### Information shown:
--

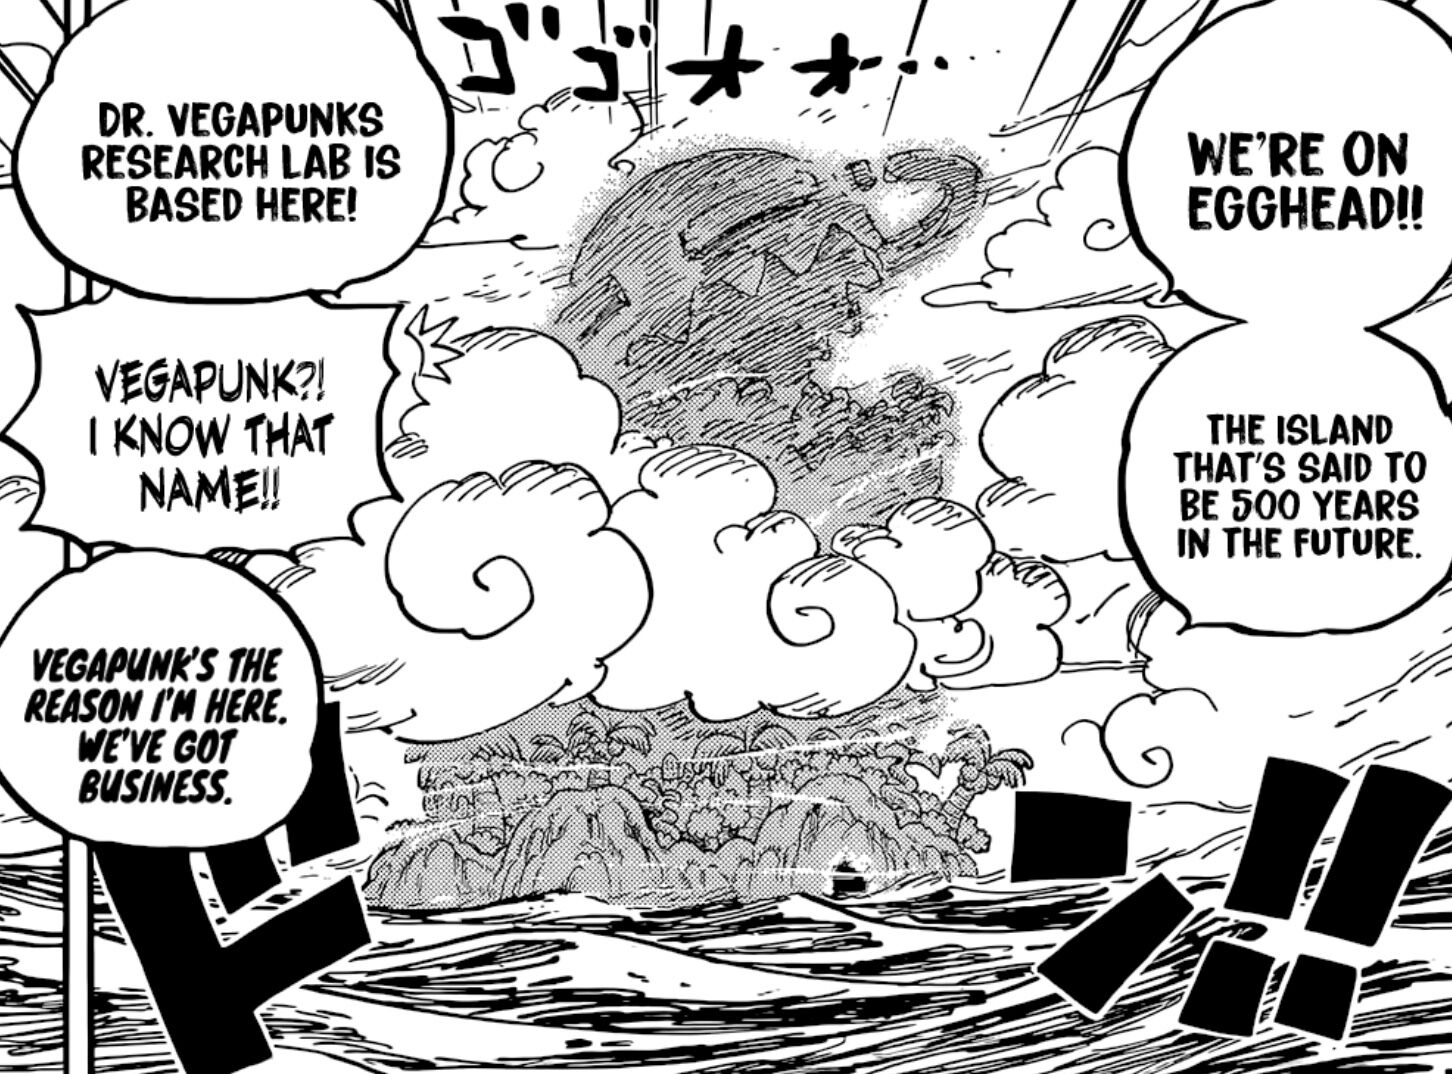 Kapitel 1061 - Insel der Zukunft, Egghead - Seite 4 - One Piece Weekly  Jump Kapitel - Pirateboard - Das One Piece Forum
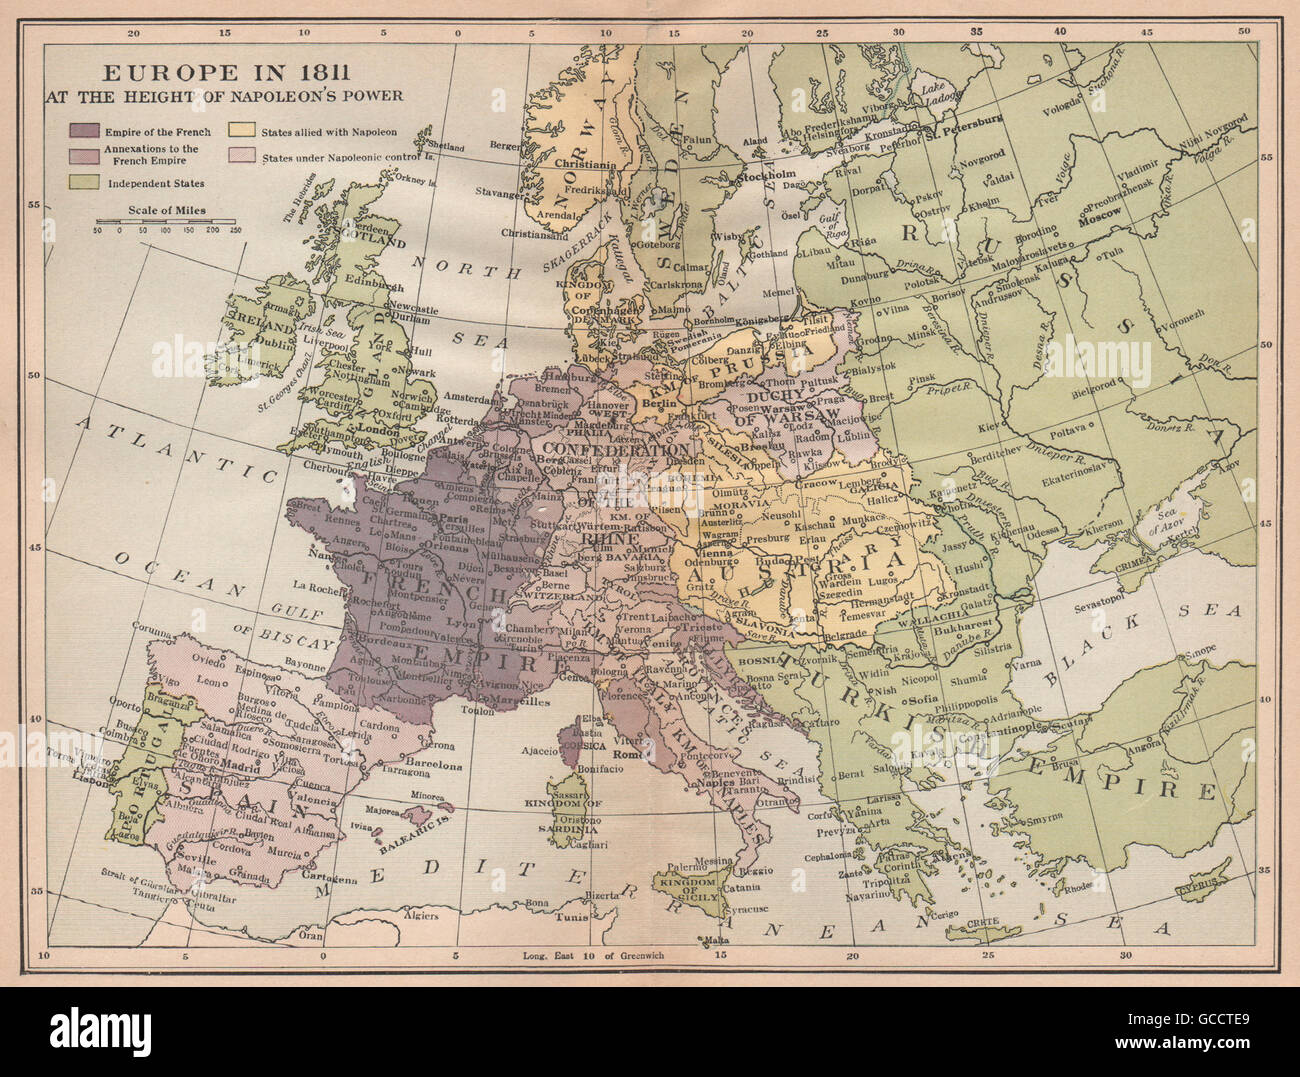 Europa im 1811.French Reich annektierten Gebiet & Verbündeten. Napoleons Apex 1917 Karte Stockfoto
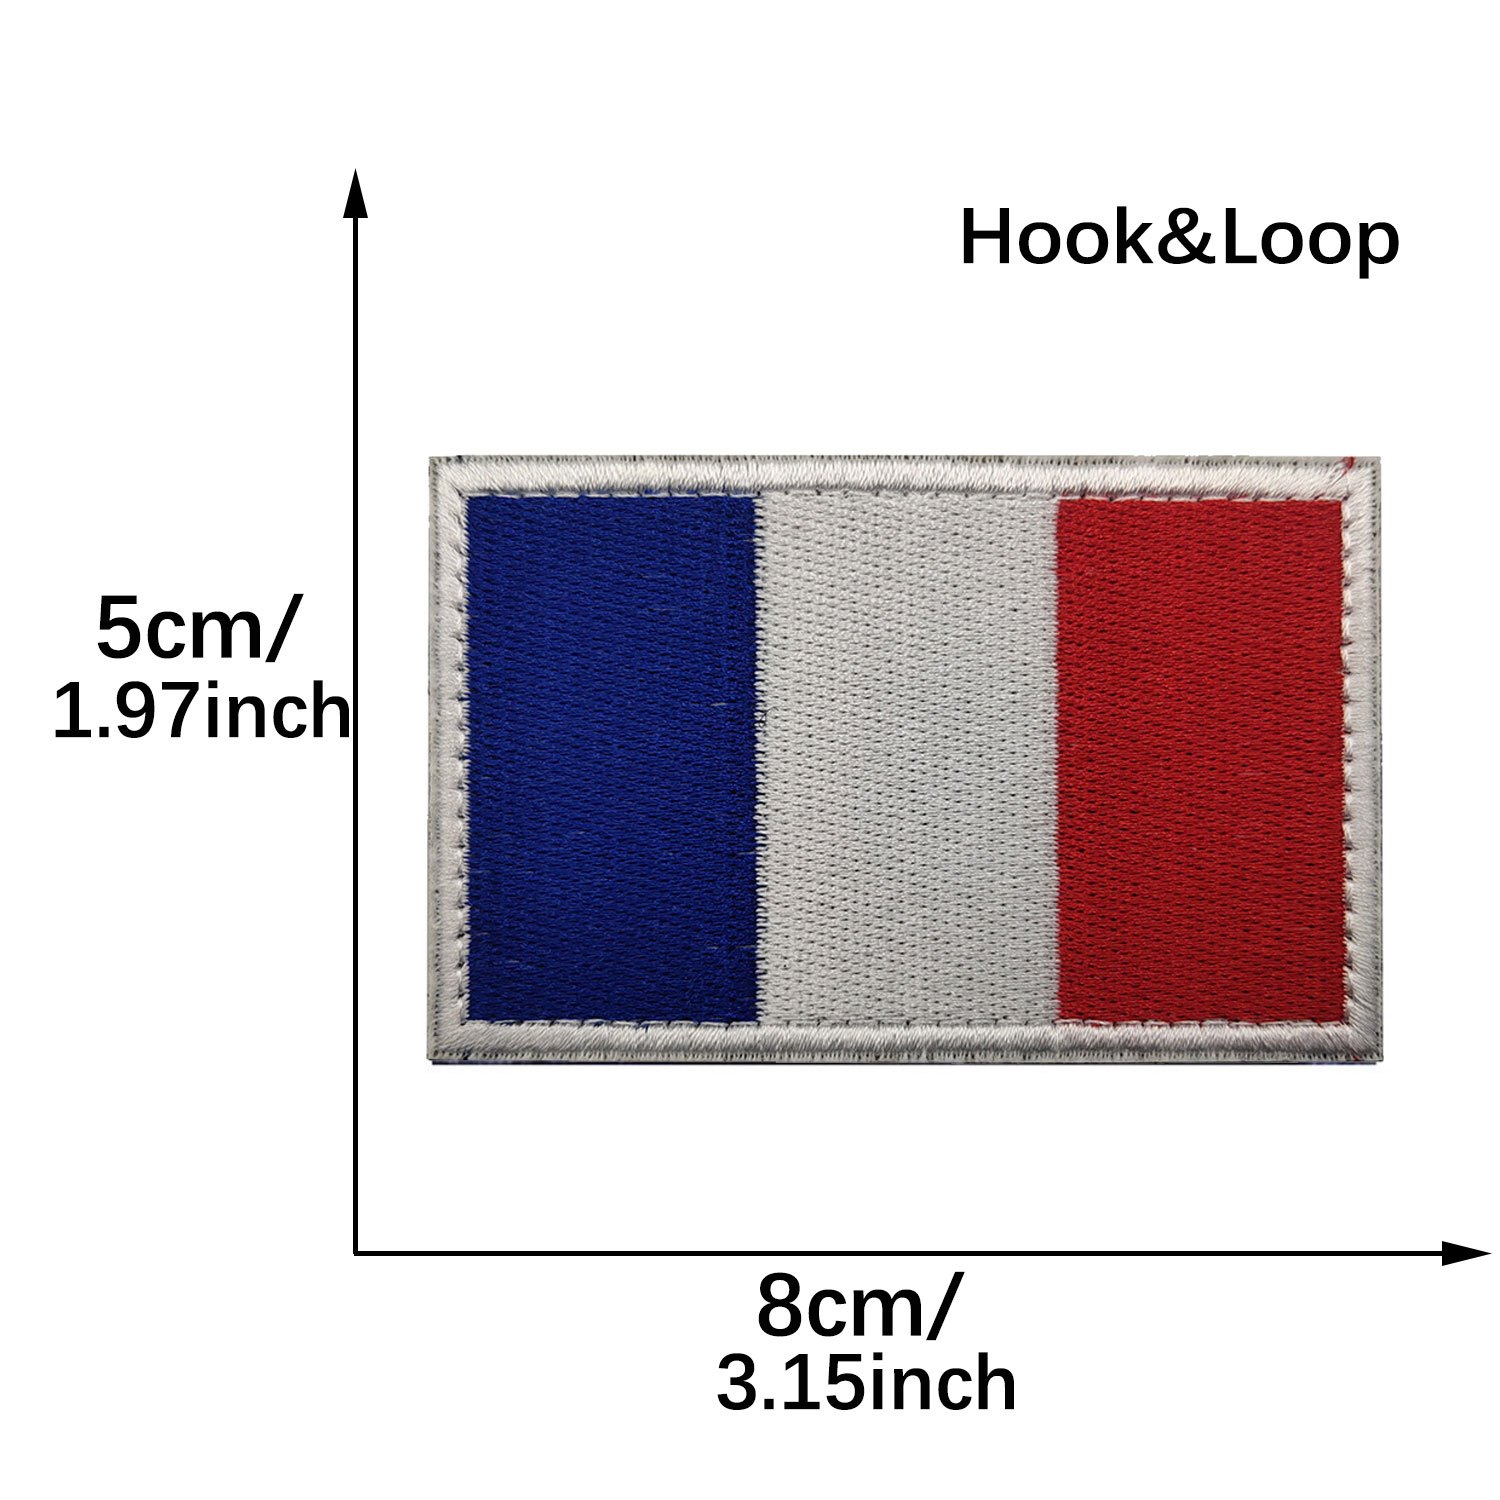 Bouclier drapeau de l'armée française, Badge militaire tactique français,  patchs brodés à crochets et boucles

--

### Your task:
The full data, repeated exactly and stripped of its pictures, is the expected answer.

### Response area:
 Kapitel 1061 - Insel der Zukunft, Egghead - Seite 4 - One Piece Weekly  Jump Kapitel - Pirateboard - Das One Piece Forum
 Europa im 1811.French Reich annektierten Gebiet & Verbündeten. Napoleons Apex 1917 Karte Stockfoto
 Bouclier drapeau de l'armée française, Badge militaire tactique français,  patchs brodés à crochets et boucles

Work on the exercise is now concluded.